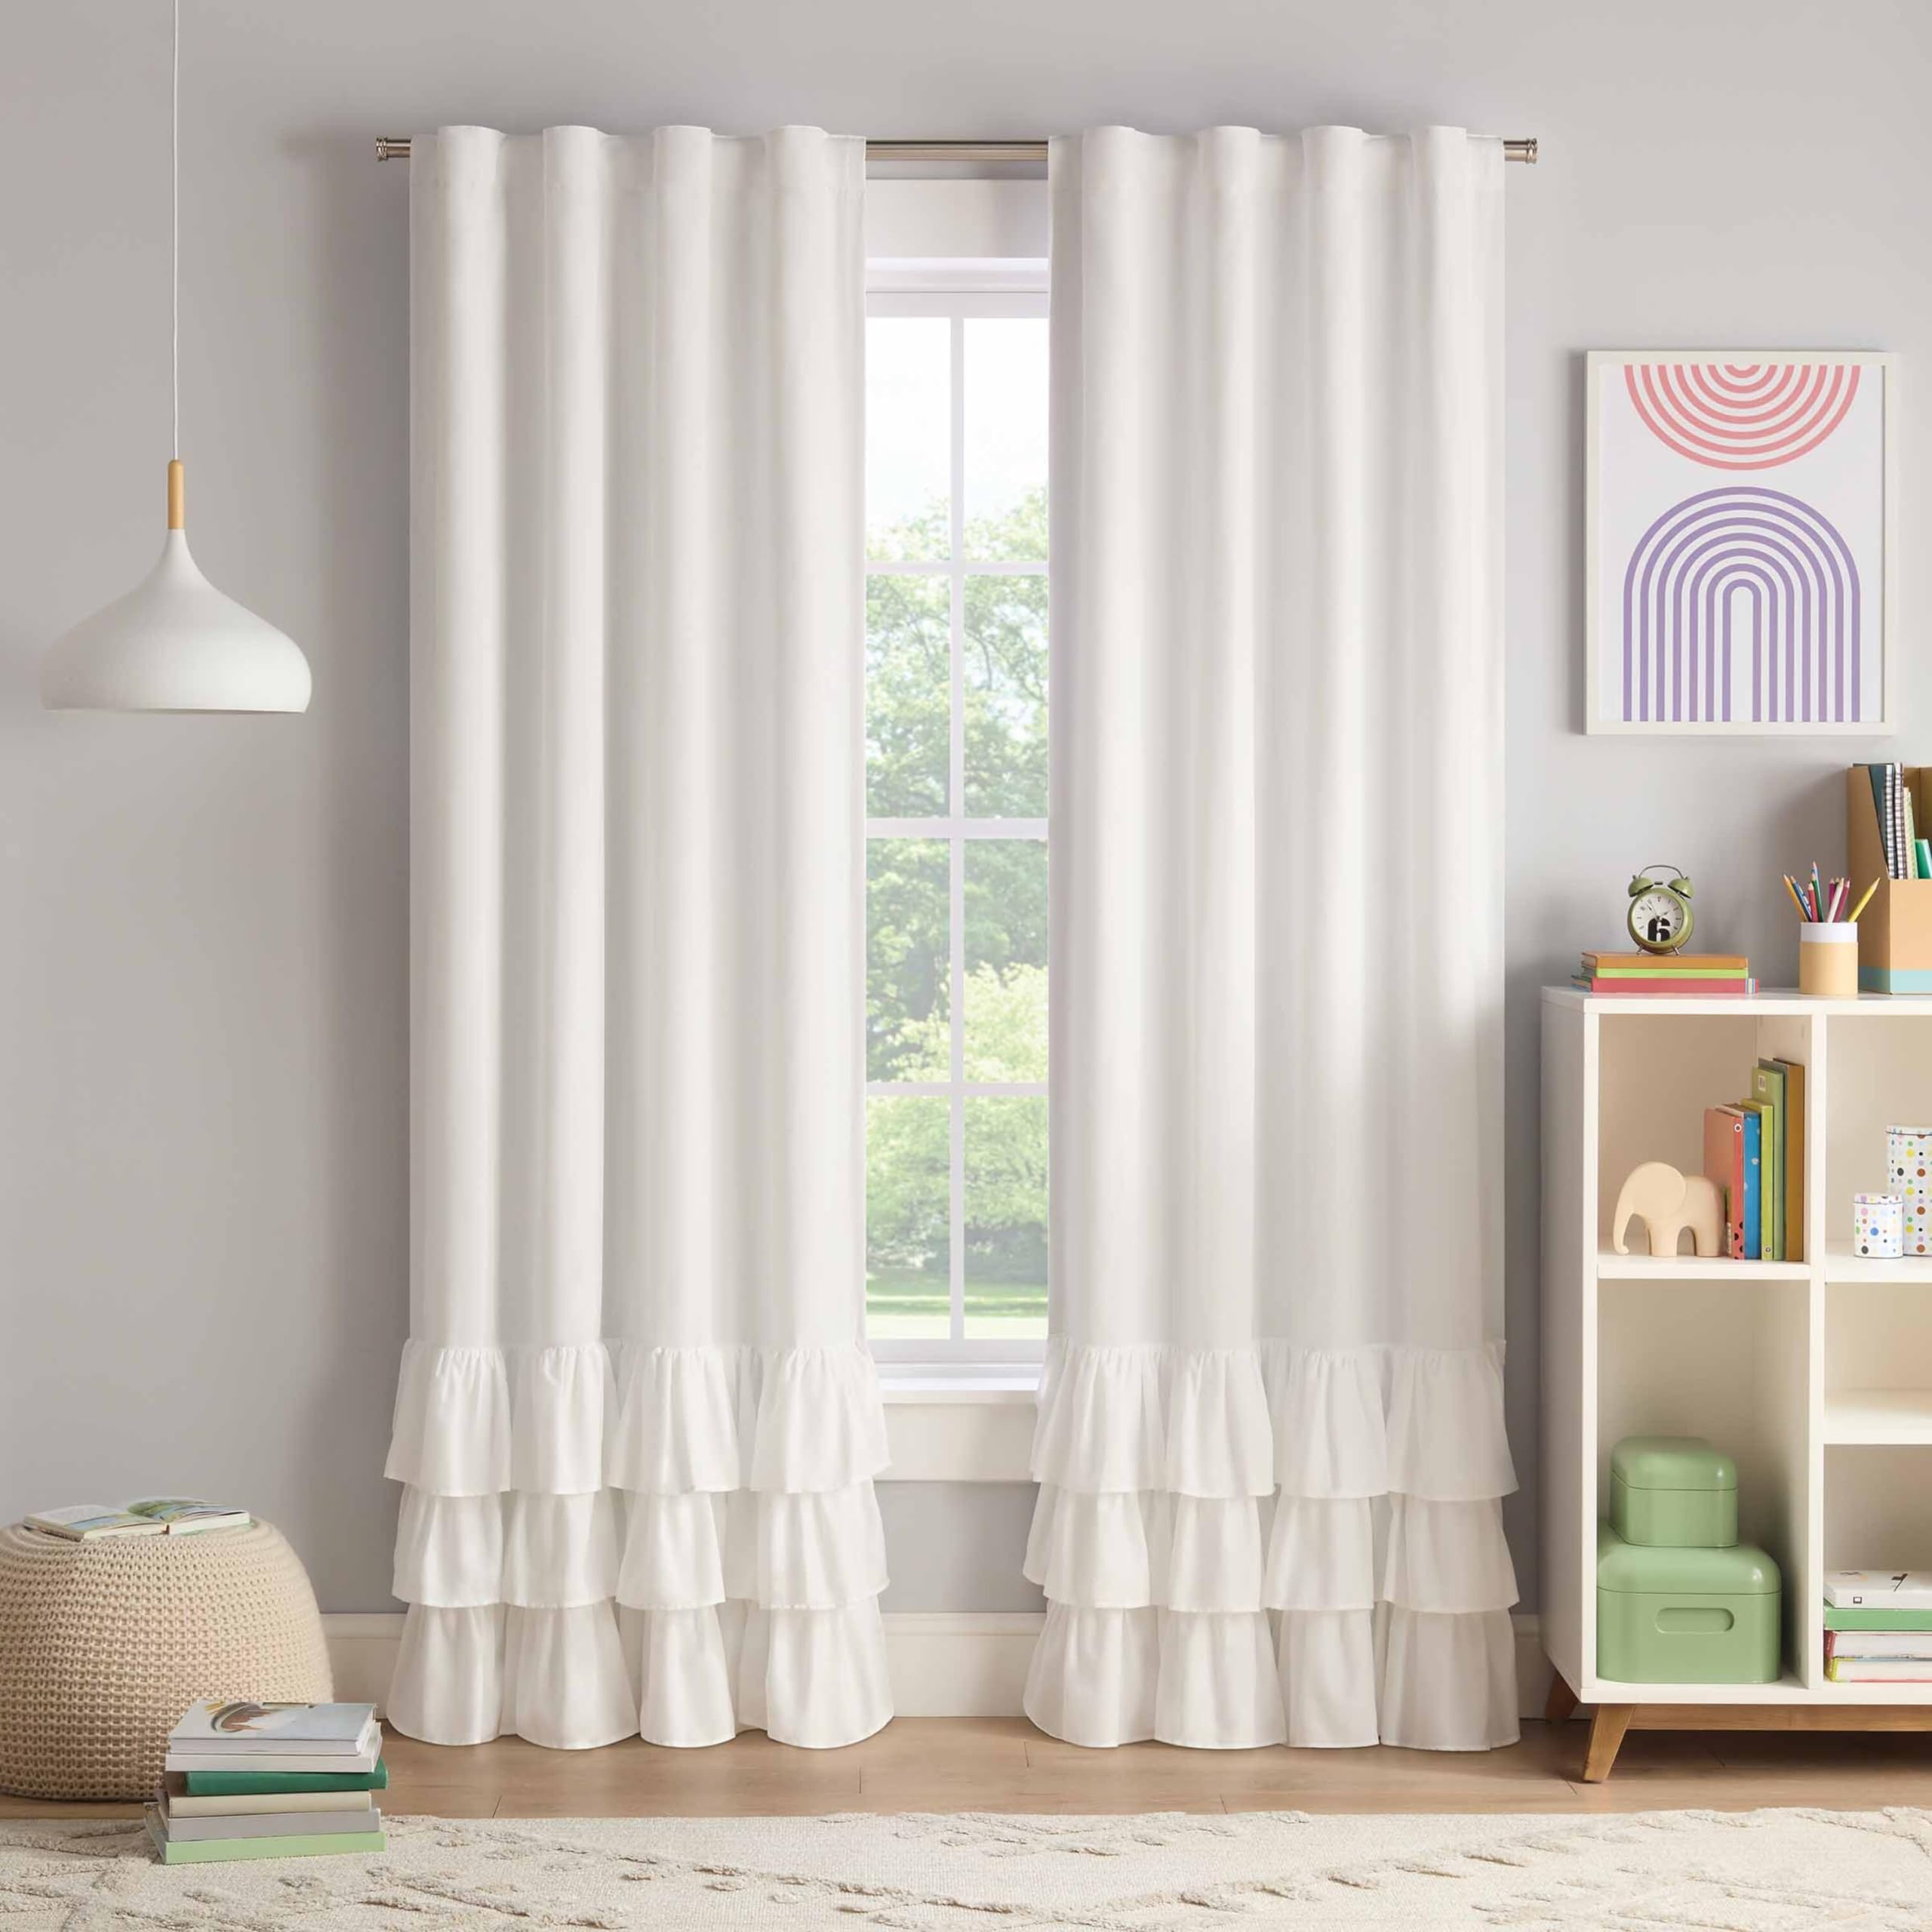 Eclipse Blackout Curtains, Tiered Ruffle Kids Curtains, 84 in x 40 in, Thermaback 100% Blackout Curtains with Rod Pocket Header, Curtains for Kids Room or Playroom, 1 Window Curtain, White
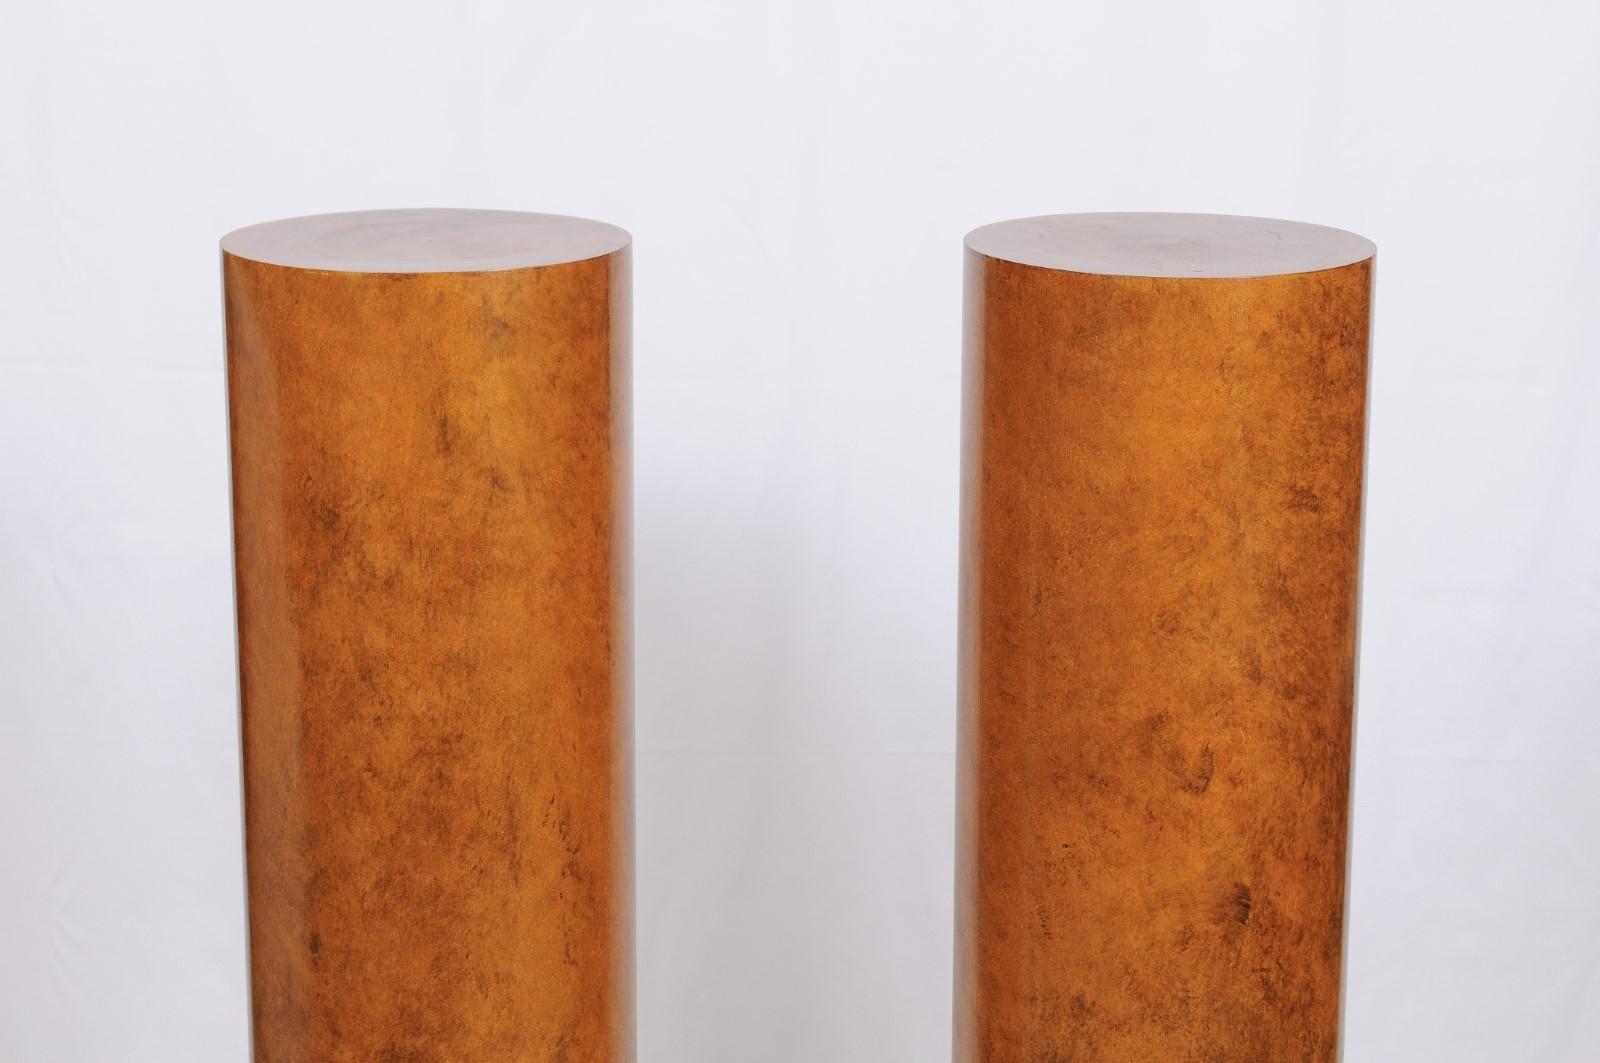 Pair of faux painted column pedestals from the collection of Judith & Gerson Leiber. The finish is painted in a faux bois style to replicate bird's-eye maple with Classic black bases, and all set within a clean Art Deco style.
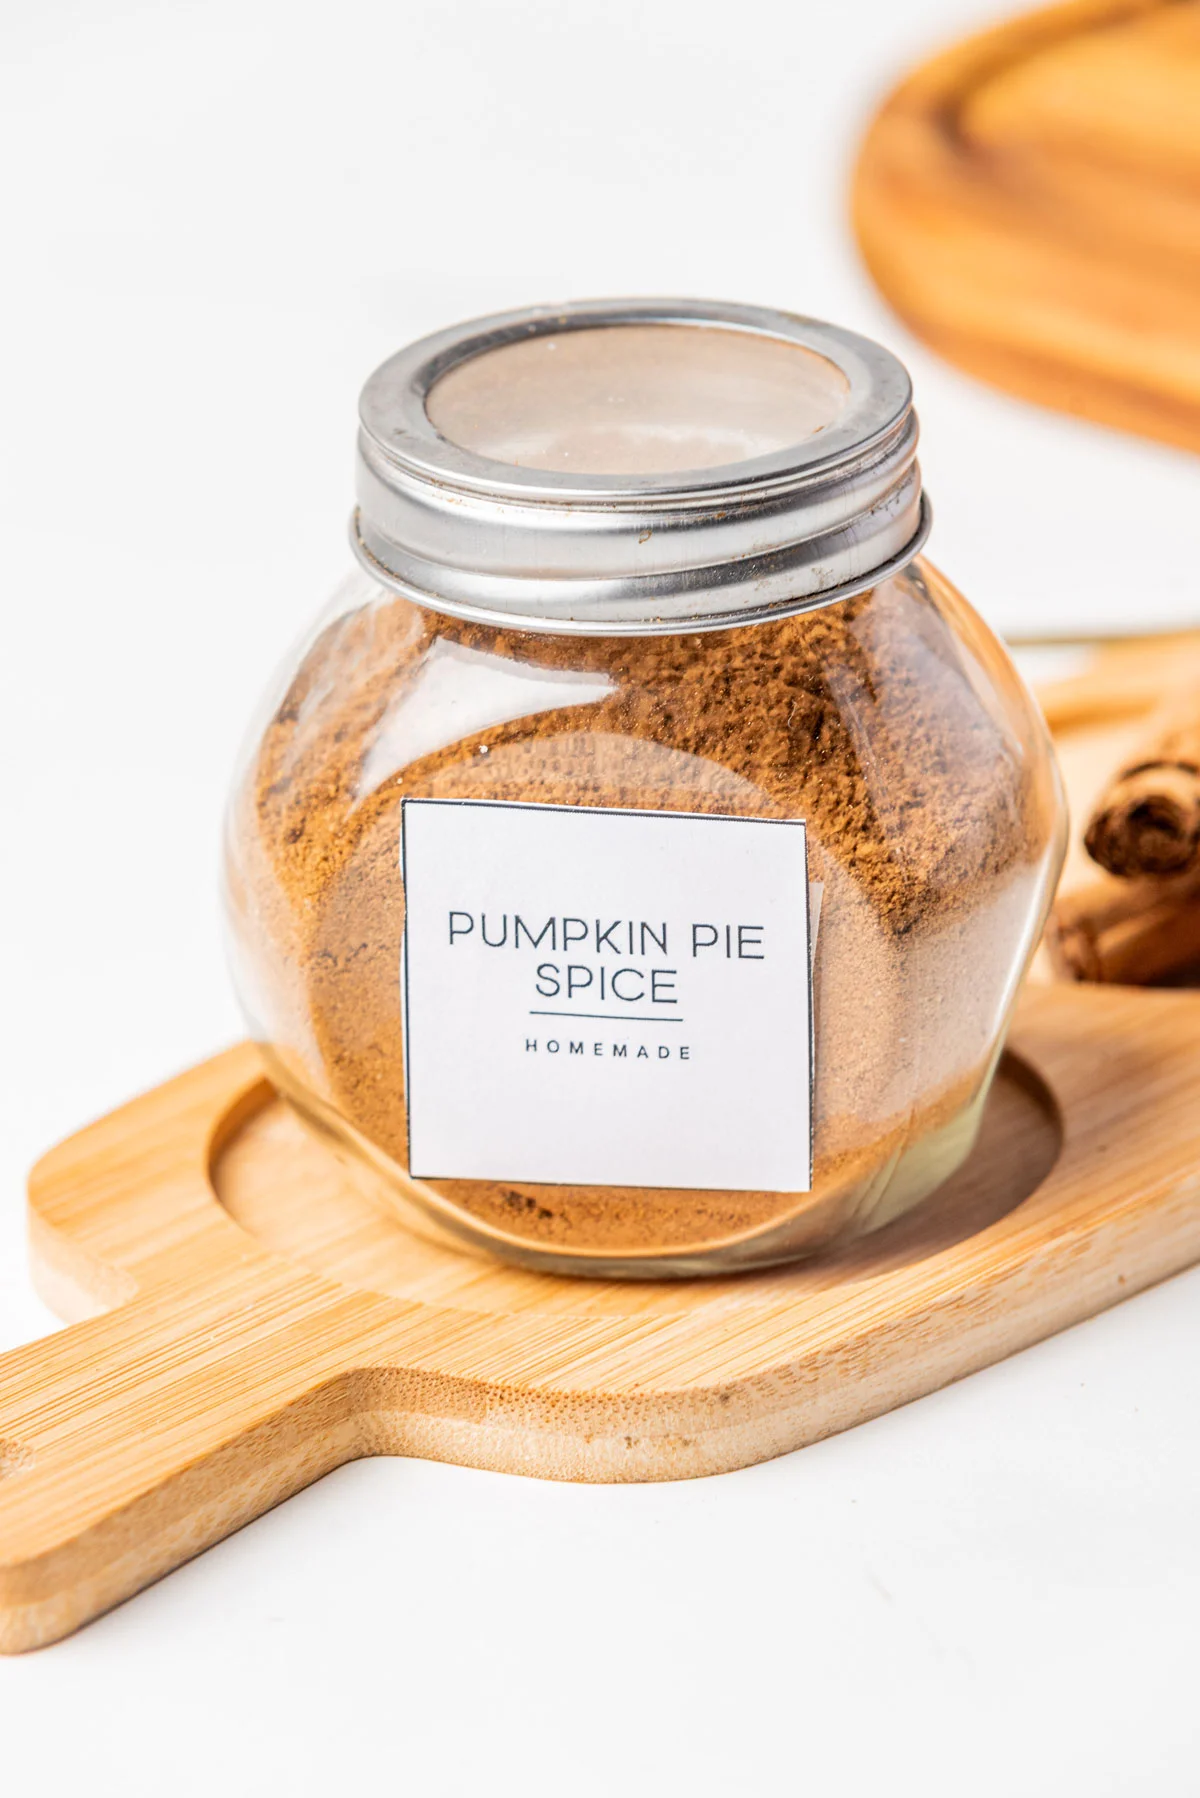 Homemade Pumpkin Pie Spice (Easy DIY Recipe) made and stored in a glass jar with a metal screw top lid and label

———

Task to complete.
Could you repeat the listing above exactly, omitting its pictures?

Exercise result.
 Eclipse Blackout Curtains, Tiered Ruffle Kids Curtains, 84 in x 40 in, Thermaback 100% Blackout Curtains with Rod Pocket Header, Curtains for Kids Room or Playroom, 1 Window Curtain, White
 Pair of faux painted column pedestals from the collection of Judith & Gerson Leiber. The finish is painted in a faux bois style to replicate bird's-eye maple with Classic black bases, and all set within a clean Art Deco style.
 Homemade Pumpkin Pie Spice (Easy DIY Recipe) made and stored in a glass jar with a metal screw top lid and label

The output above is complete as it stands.